Re: lock_kernel called under spinlock in NFS

From: Trond Myklebust
Date: Thu Jun 01 2006 - 16:13:02 EST


On Thu, 2006-06-01 at 15:55 -0400, Joe Korty wrote:
> Tree 5fdccf2354269702f71beb8e0a2942e4167fd992
>
> [PATCH] vfs: *at functions: core
>
> introduced a bug where lock_kernel() can be called from
> under a spinlock. To trigger the bug one must have
> CONFIG_PREEMPT_BKL=y and be using NFS heavily. It is
> somewhat rare and, so far, haven't traced down the userland
> sequence that causes the fatal path to be taken.
>
> The bug was caused by the insertion into do_path_lookup()
> of a call to file_permission(). do_path_lookup()
> read-locks current->fs->lock for most of its operation.
> file_permission() calls permission() which calls
> nfs_permission(), which has one path through it
> that uses lock_kernel().
>
> I am not sure how to fix this bug. It is not clear what
> the lock_kernel() call is protecting. Nor is it clear why,
> as part of the introduction of the openat() etc services,
> it was desirable to add a call to file_permission()
> to do_path_lookup().
>
> For now, I plan to turn off CONFIG_PREEMPT_BKL.

Nowhere should anyone be calling file_permission() under a spinlock.

Why would you need to read-protect current->fs in the case where you are
starting from a file? The correct thing to do there would appear to be
to read_protect only the cases where (*name=='/') and (dfd == AT_FDCWD).

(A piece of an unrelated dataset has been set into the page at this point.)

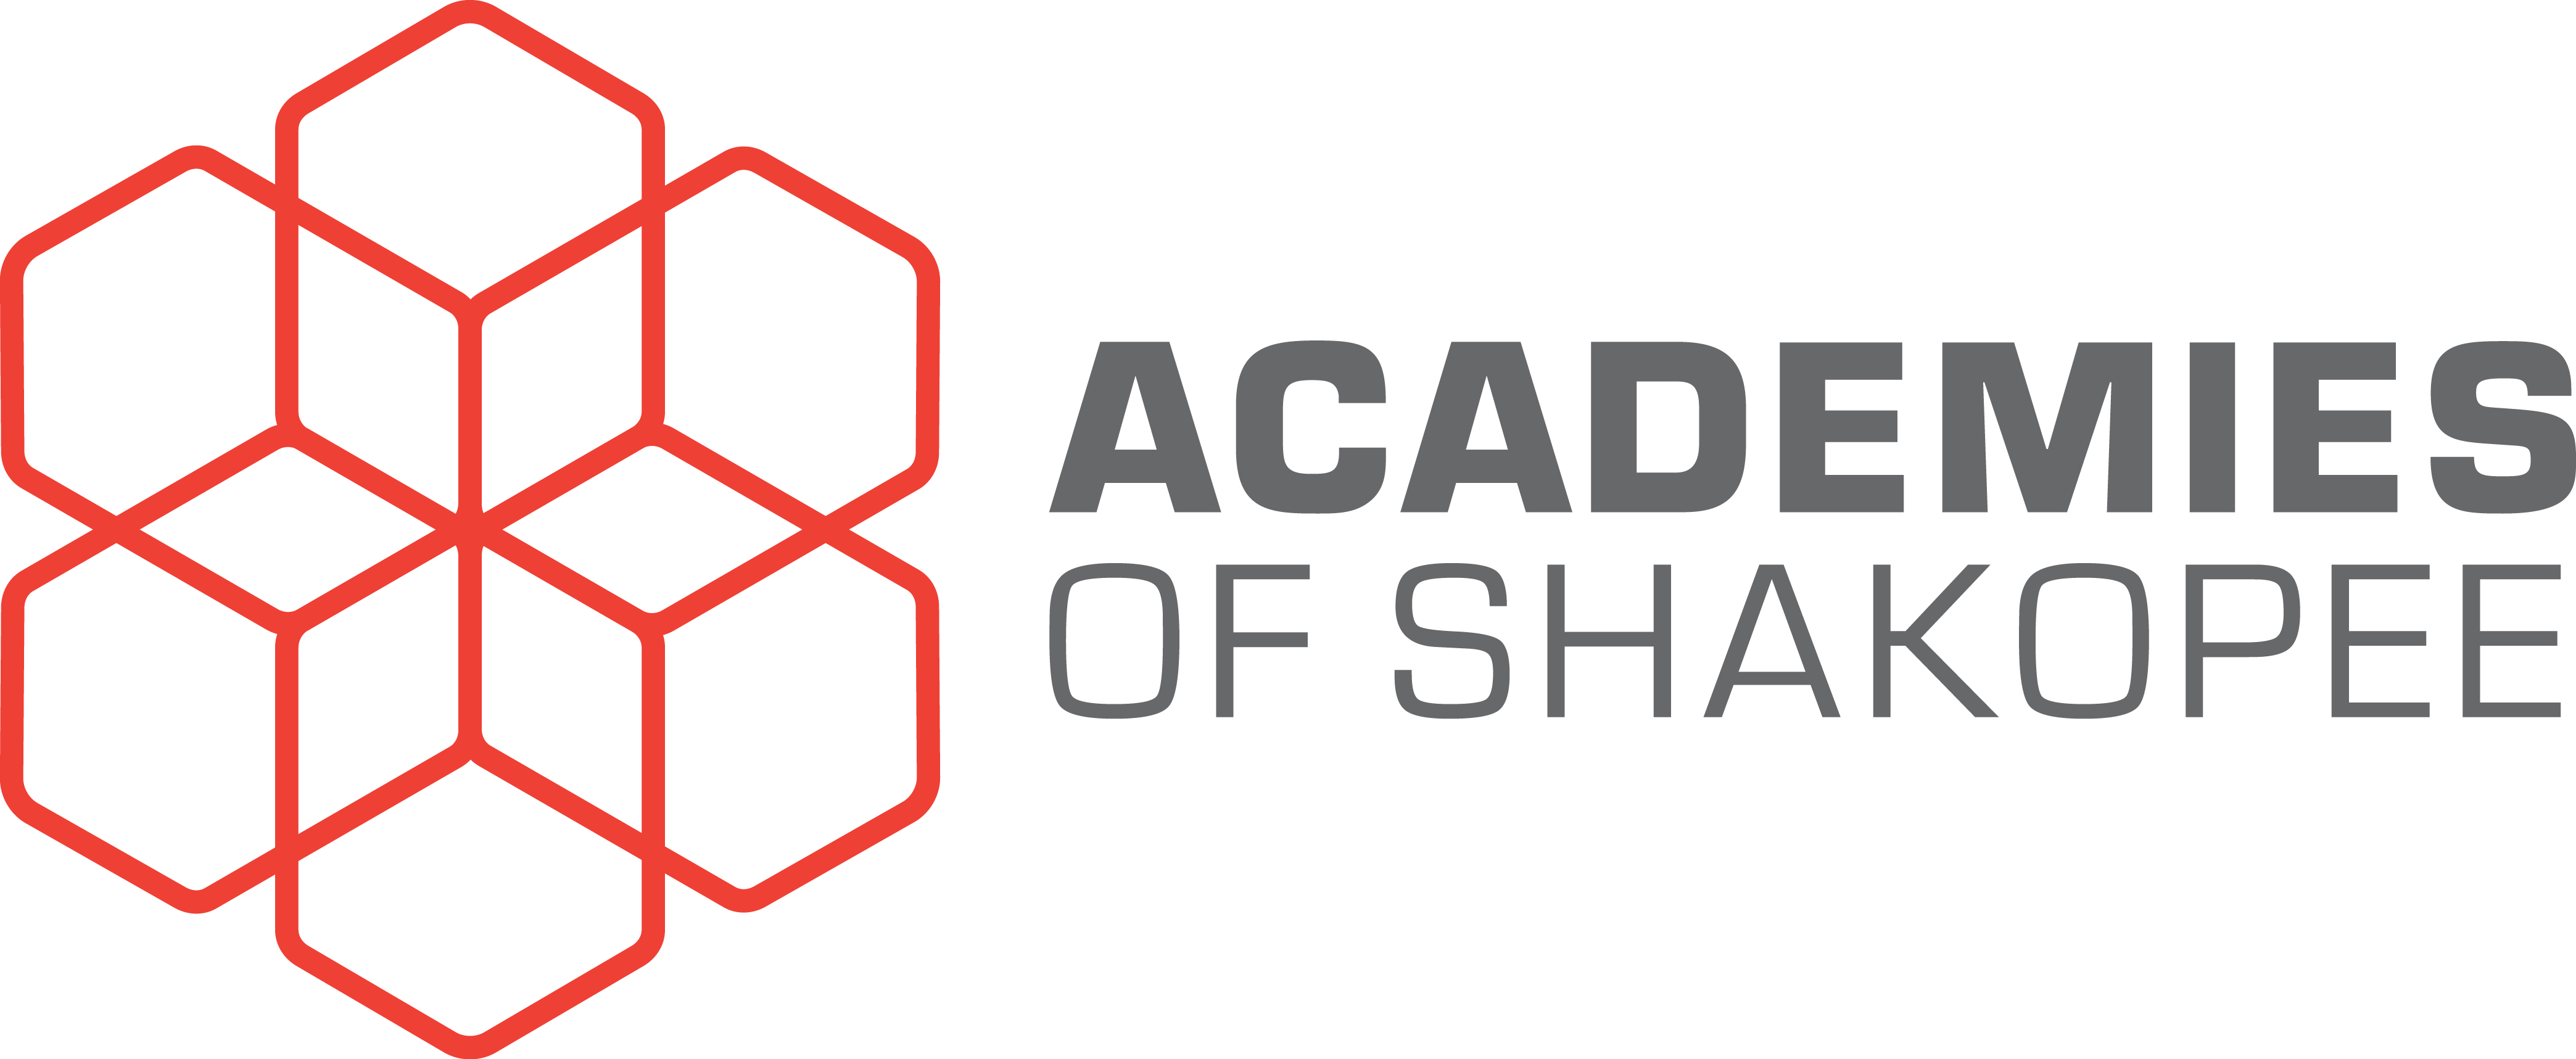 Shakopee Public Schools Wel e to Shakopee Public Schools
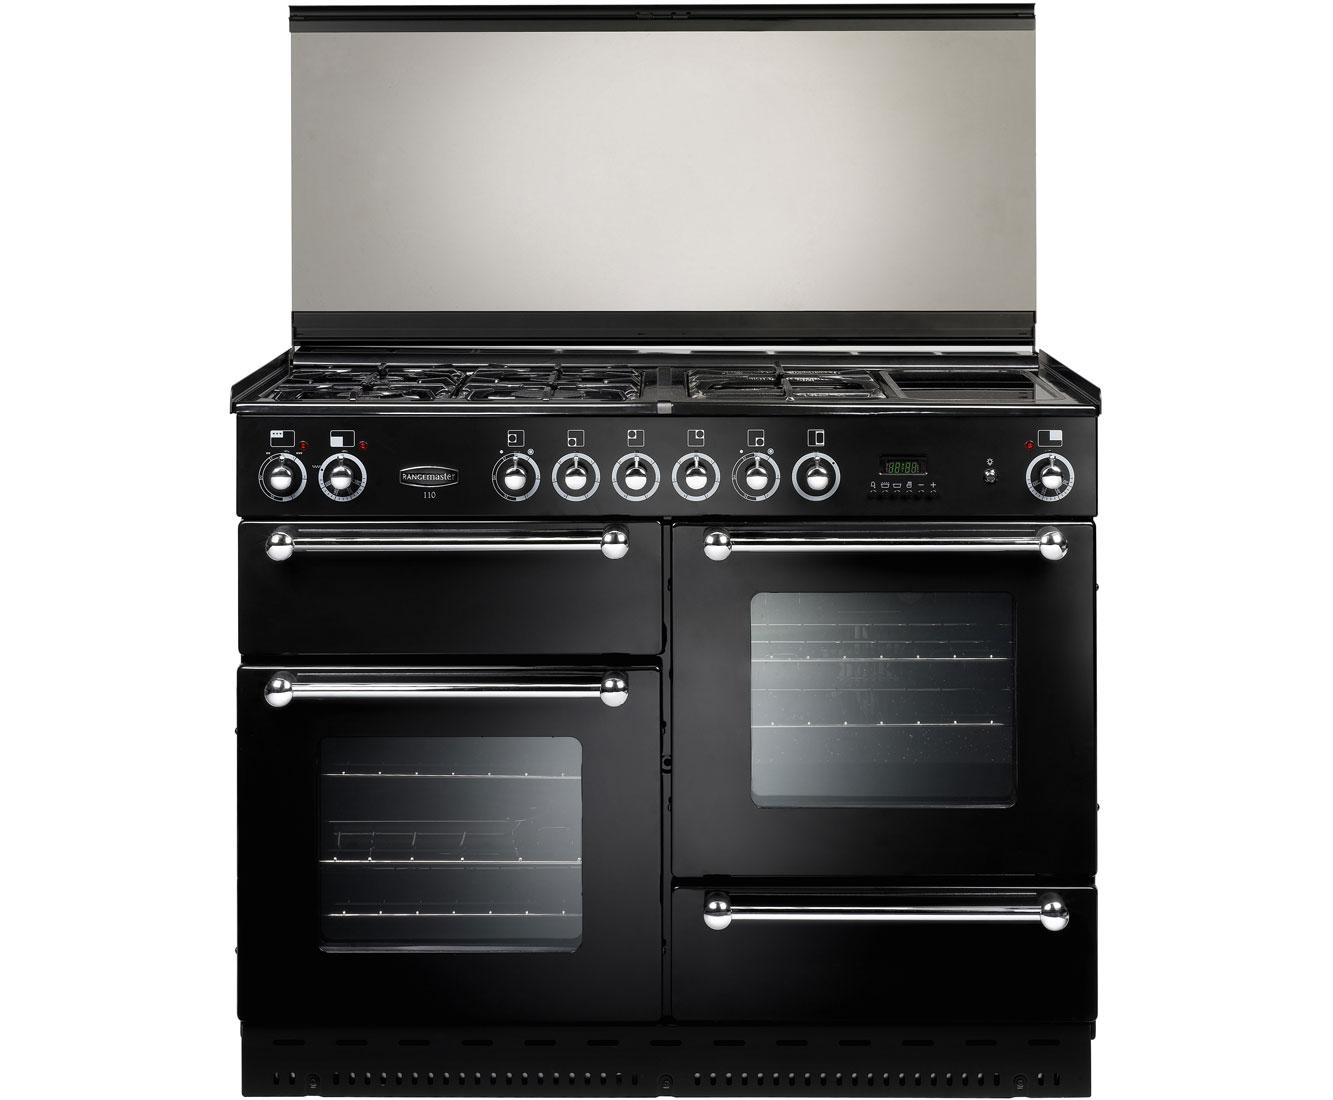 Rangemaster RMS110DFFBLPDC Free Standing Range Cooker in Black  Chrome

Something like the attached patch...

Cheers,
Trond
commit 9ac4cdbb32d593132e03ecf9679e6bbfe04ed358
Author: Trond Myklebust <Trond.Myklebust@xxxxxxxxxx>
Date: Thu Jun 1 16:12:47 2006 -0400

fs/namei.c: Call to file_permission() under a spinlock in do_lookup_path()

We should in any case not need to hold the current->fs->lock for a codepath
that doesn't use current->fs.

Signed-off-by: Trond Myklebust <Trond.Myklebust@xxxxxxxxxx>

diff --git a/fs/namei.c b/fs/namei.c
index 96723ae..a2f79d2 100644
--- a/fs/namei.c
+++ b/fs/namei.c
@@ -1080,8 +1080,8 @@ static int fastcall do_path_lookup(int d
nd->flags = flags;
nd->depth = 0;

- read_lock(&current->fs->lock);
if (*name=='/') {
+ read_lock(&current->fs->lock);
if (current->fs->altroot && !(nd->flags & LOOKUP_NOALT)) {
nd->mnt = mntget(current->fs->altrootmnt);
nd->dentry = dget(current->fs->altroot);
@@ -1092,9 +1092,12 @@ static int fastcall do_path_lookup(int d
}
nd->mnt = mntget(current->fs->rootmnt);
nd->dentry = dget(current->fs->root);
+ read_unlock(&current->fs->lock);
} else if (dfd == AT_FDCWD) {
+ read_lock(&current->fs->lock);
nd->mnt = mntget(current->fs->pwdmnt);
nd->dentry = dget(current->fs->pwd);
+ read_unlock(&current->fs->lock);
} else {
struct dentry *dentry;

@@ -1118,7 +1121,6 @@ static int fastcall do_path_lookup(int d

fput_light(file, fput_needed);
}
- read_unlock(&current->fs->lock);
current->total_link_count = 0;
retval = link_path_walk(name, nd);
out: